Ephorus Fetch Federation
The Ephorus Fetch Federation project created a
federation of web spidering services, coordinated by a centralized
controller. The project can process long lists of web sites and
builds an index using a logically endless number of machines to
retrieve, analyse and index text data. The controller distributes
work over many machines, choosing the ones that are not actively
working to start up the next site to be fetched. The fetching
process is self-sustaining, yet the process allows operator
intervention; for instance to dynamically add filters. Because of
the sheer size of the indexed data, persistence is completely
distributed and 'noSQL' . This project was created using core java
for the actual worker services and Servlet API 2.5 / Jersey REST for
the front-end. The controller uses a multicast-based service Lookup
borrowed from the Jini infrastructure; for the rest all
intra-service communication, including starting and stopping, is
done using REST API's. All data and indexes are stored in the Hadoop
HBase noSQL database. The Fetch Federation went live in the last
week of June 2011.
Ephorus Teacher-UI
The Ephorus Teacher-UI is the inbox for a
teacher to monitor the plagiarism detection process for documents
submitted by students. It connects to a distributed document
processing pipeline. Because of the massive amounts of documents
uploaded and scanned for plagiarism, the system uses a technique
called 'sharding'': it handles millions of uploads and downloads and
distributes document metadata over several database servers in a
deterministic and intuitive manner. It uses cloud storage for actual
document content. Besides being a web-ui it generates reports in PDF
and statistics in Excel format.

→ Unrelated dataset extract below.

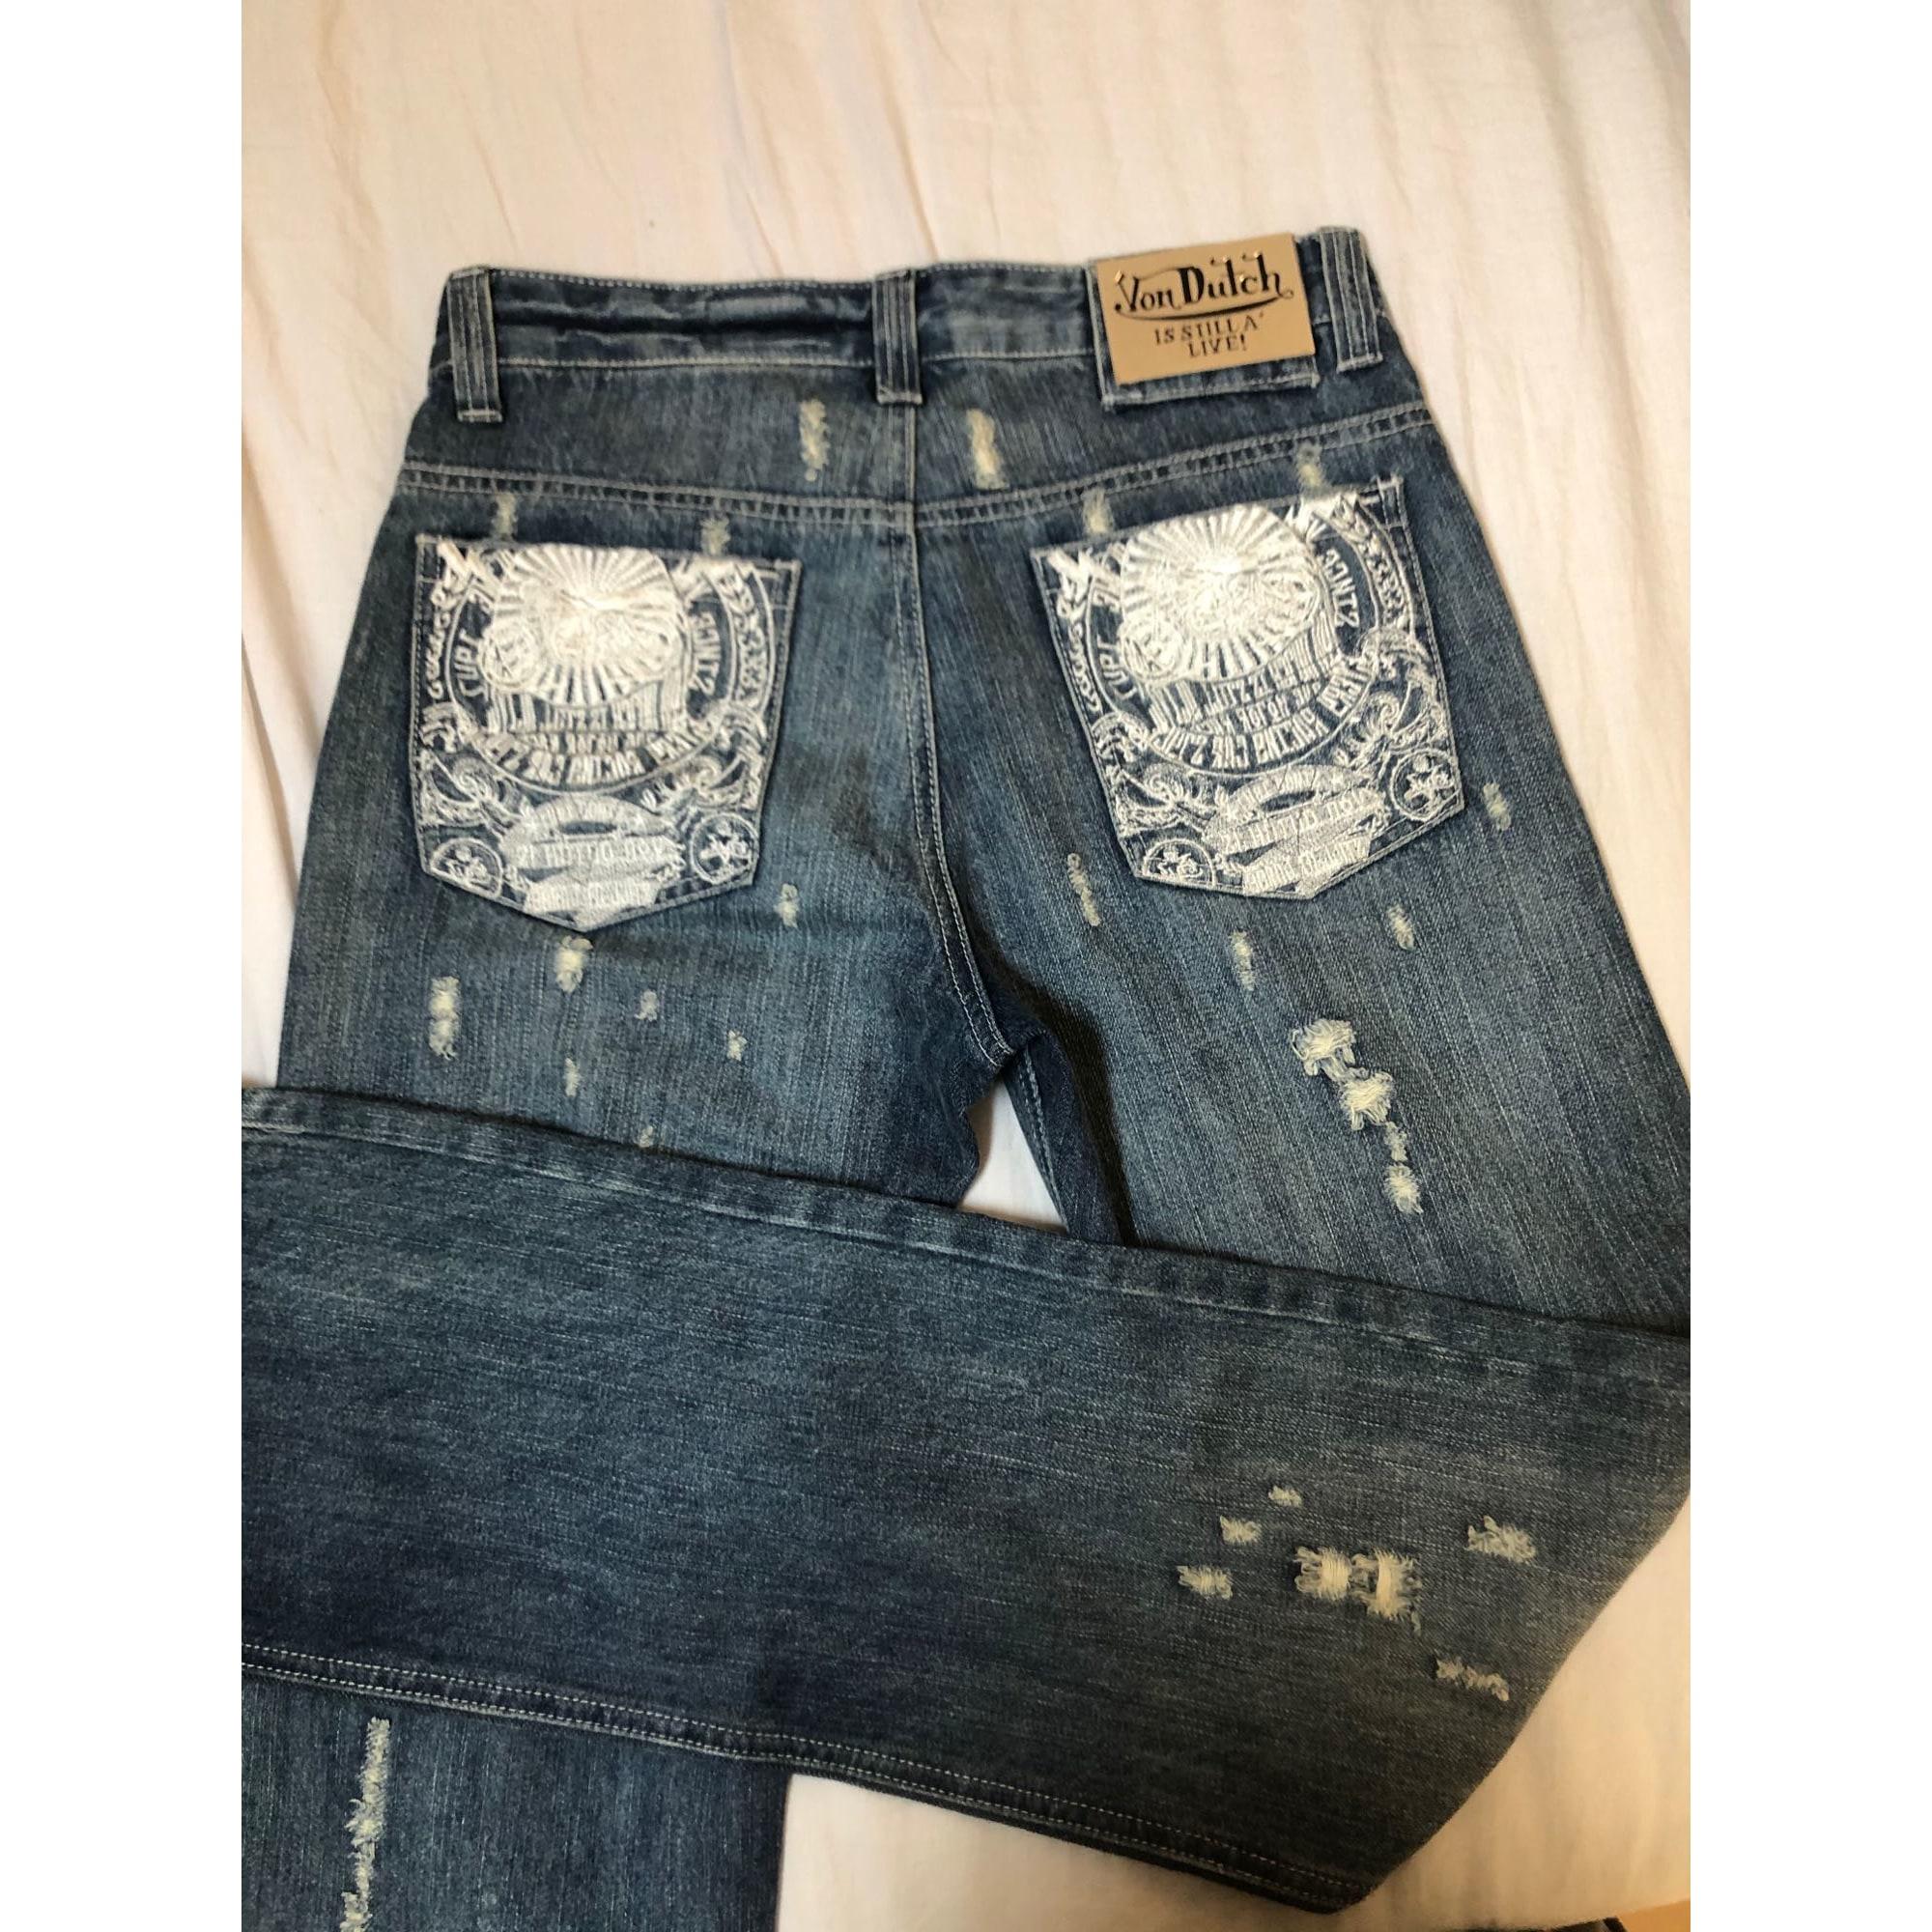 Jeans droit VON DUTCH Bleu, bleu marine, bleu turquoise

This project was created based on
Servlet API 2.5; MySQL, a modified version of EclipseLink JPA to
support sharding, plain SQL for performance-sensitive operations,
WS-REST using Jersey, and plain Javascript and JQuery. The project
is has been handed over to the Ephorus product development group for
further integration with the Ephorus pipeline and to start migration
and the ramp-up process.
Ephorus Search Component
This component is a simple and small ATOM feed
/ OpenSearch compliant search aggregator. The project supports
Ephorus' plagiarism detection process: it searches content using
many different search engines; internal ones and search engines
external to the organisation. The component is a simple Servlet API
2.5 wep application using no database at all. In order to have
maximum control, the component controls all threading concerns
itself and does not rely on any type of container-supplied resource
apart from the URL of the configuration. Its start configuration
isolates threading issues per search engine and each search engine
is configured for 1000 threads each. Configuration can be managed
centrally and changes are picked up with a 10 second delay without
restarting the service. The search component went live ithe 21st of
september 2011